Deadlock produced in Postgres when running migrations in parallel with a migration task containing CREATE INDEX CONCURRENTLY #1654
What version of Flyway are you using?
Reproduced in 4.1.0 and on master. Affects 4.1.0 and later.
Which client are you using? (Command-line, Java API, Maven plugin, Gradle plugin, SBT plugin, ANT tasks)
What database are you using (type & version)?
Reproduced on Postgres 9.5.x
What operating system are you using?
Linux / Mac
What did you do?
(Please include the content causing the issue, any relevant configuration settings, and the command you ran)
I attempted to create an index concurrently within a migration task. The migration task ran at startup in a multi-node service. The pending acquisition of the advisory lock Flyway creates on one thread caused a deadlock in the in-progress migration which was creating the index in another thread. I have reproduced the issue in your test suite with some modifications and can be found on a branch in my fork, link below.

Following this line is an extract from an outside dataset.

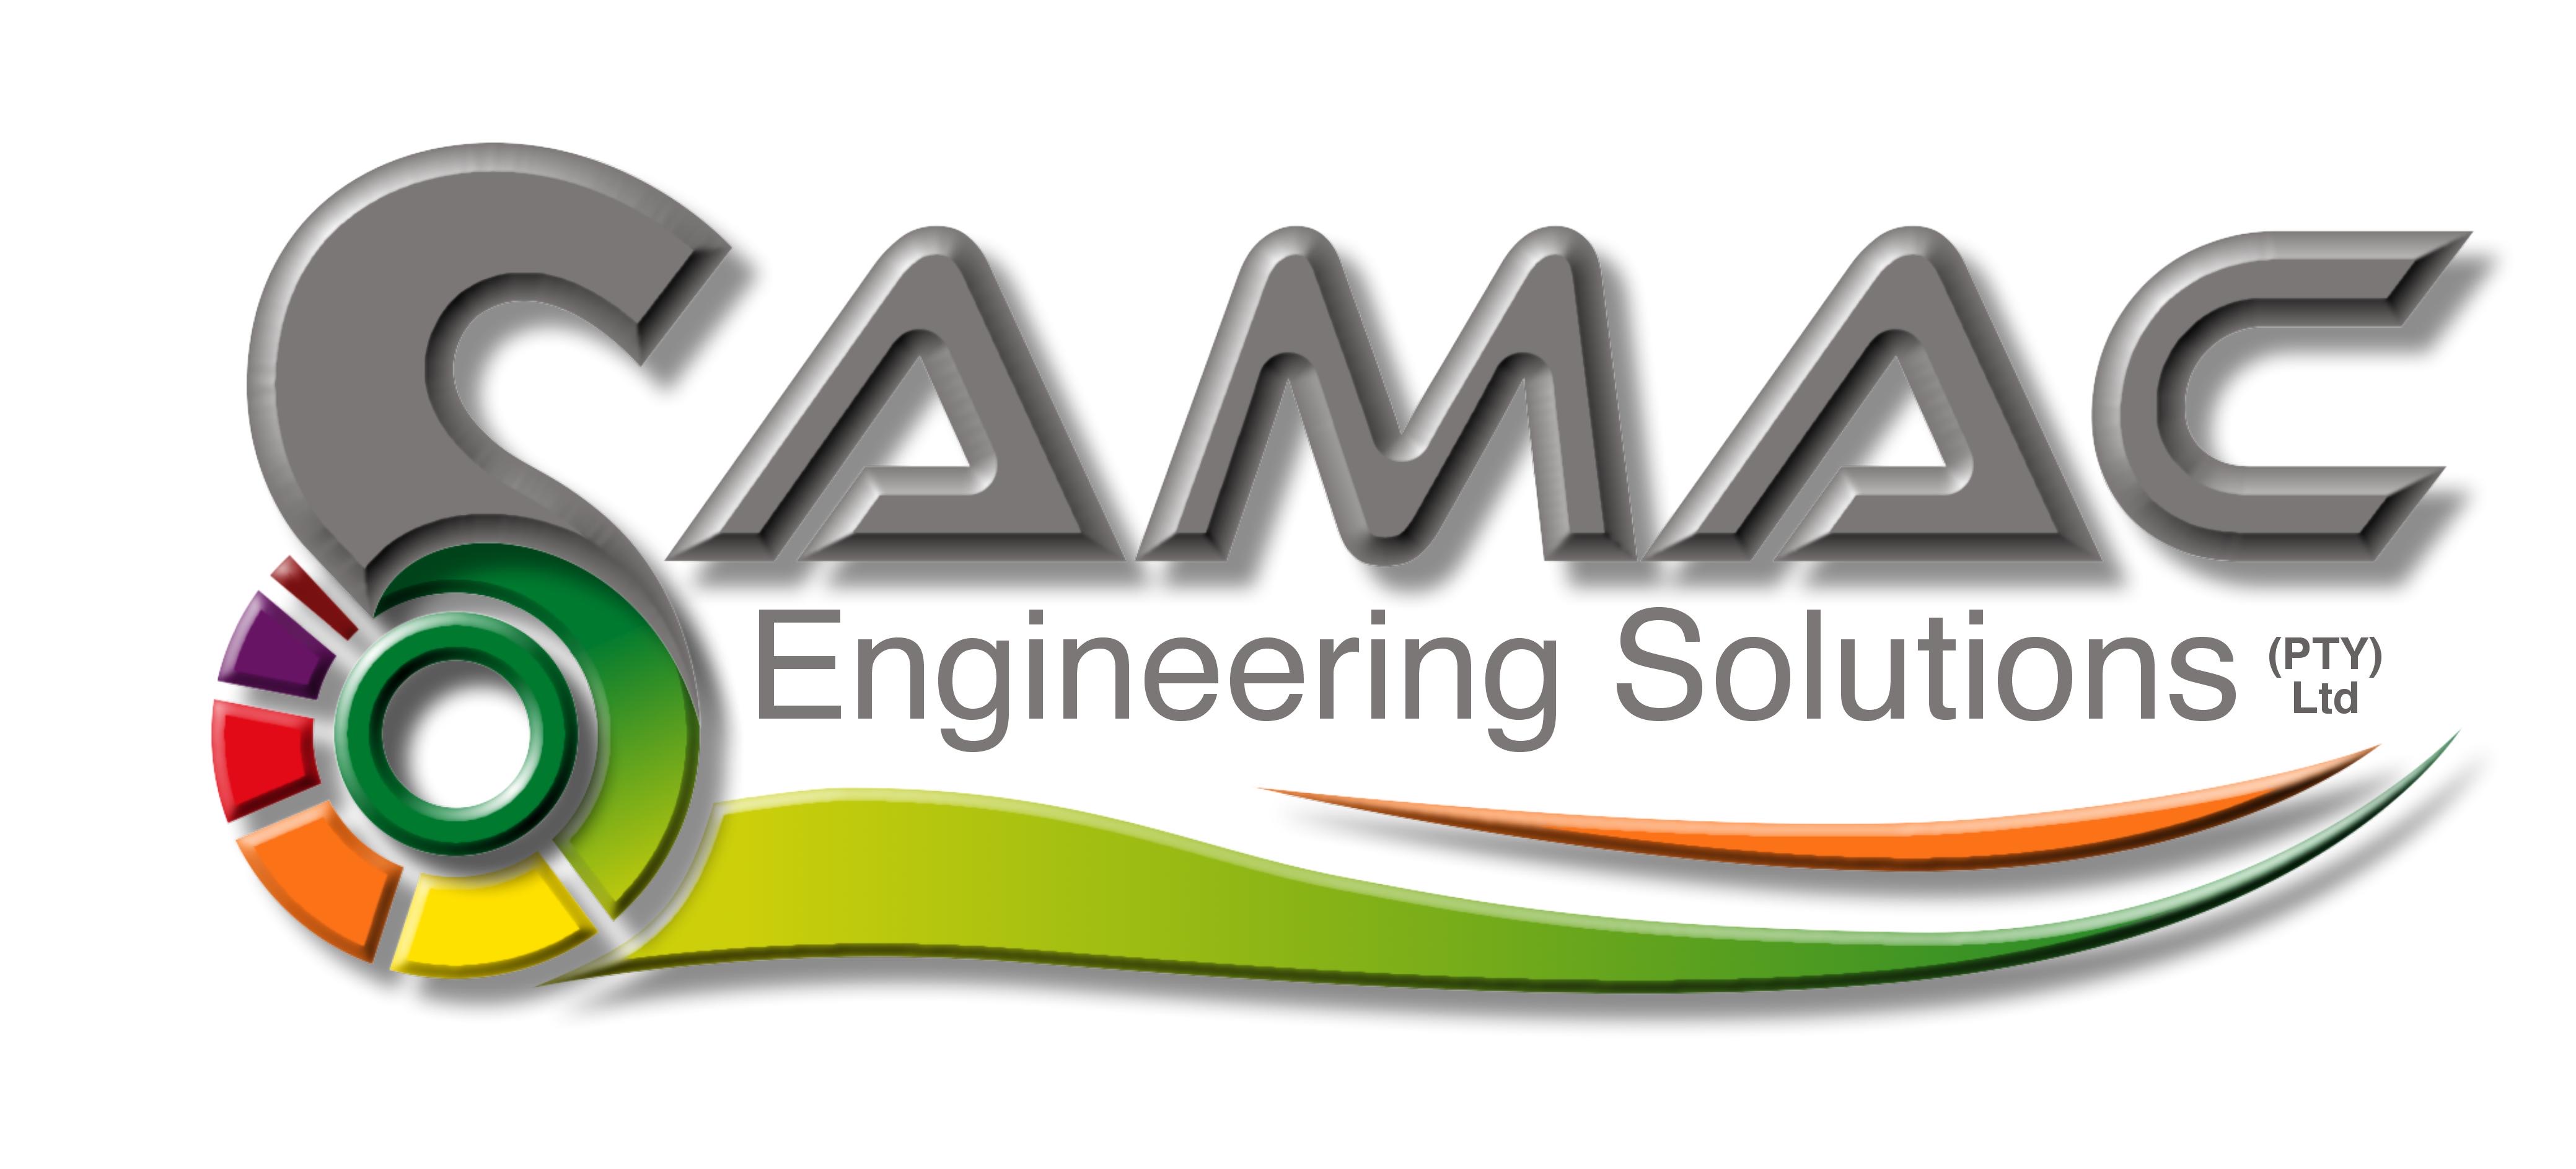 samac logo high

What did you expect to see?
As per the FAQ in the documentation, Flyway should be able to handle multiple nodes attempting to run migration tasks concurrently:
What did you see instead?
A deadlock and failure of the migration task. As the migration task is not transaction for CREATE INDEX CONCURRENTLY it leaves the database in an inconsistent state (with an index marked as invalid).
I am more than happy to provide a PR with a fix, but I'm unsure as to what the best way to fix this is. I figured I would create a bug with tests to reproduce the issue and we could discuss from there.
The text was updated successfully, but these errors were encountered:
This is the error actual error which occurs in flyway:
The error in the Postgres logs (effectively the same information):
I haven't tested Postgres 9.6.x yet. In terms of whether this is even fixable, I think that the strategy for locking a schema for migration would need to be changed. You may be able to switch to using
I have pushed another commit to my branch which contains the test reproducing the issue. It switches out pg_advisory_lock for pg_try_advisory_lock with a naive polling implementation. The tests now pass.
If you are happy with me pursuing this approach, I'm happy to clean up the branch and create a PR
@jhinch Thanks for investigating. Sounds great! Wouldn't it be better to spin indefinitely though? With your current implementation if a migration on a node that has acquired the lock takes more than 5 seconds other nodes will start failing due to being unable to acquire the lock. That doesn't sound right.
Yes, that part of my branch is very naive and was something I wanted to clean up. I think there are two options. Either spin indefinitely or have a configurable overall timeout. There would also be the question of whether it should have some sort of backoff while it waits (linear or exponential).
I'm happy to code up the solution with an indefinite spin. The interrupt exception on the sleep can be used to terminate if the process if the consumer would prefer it to timeout.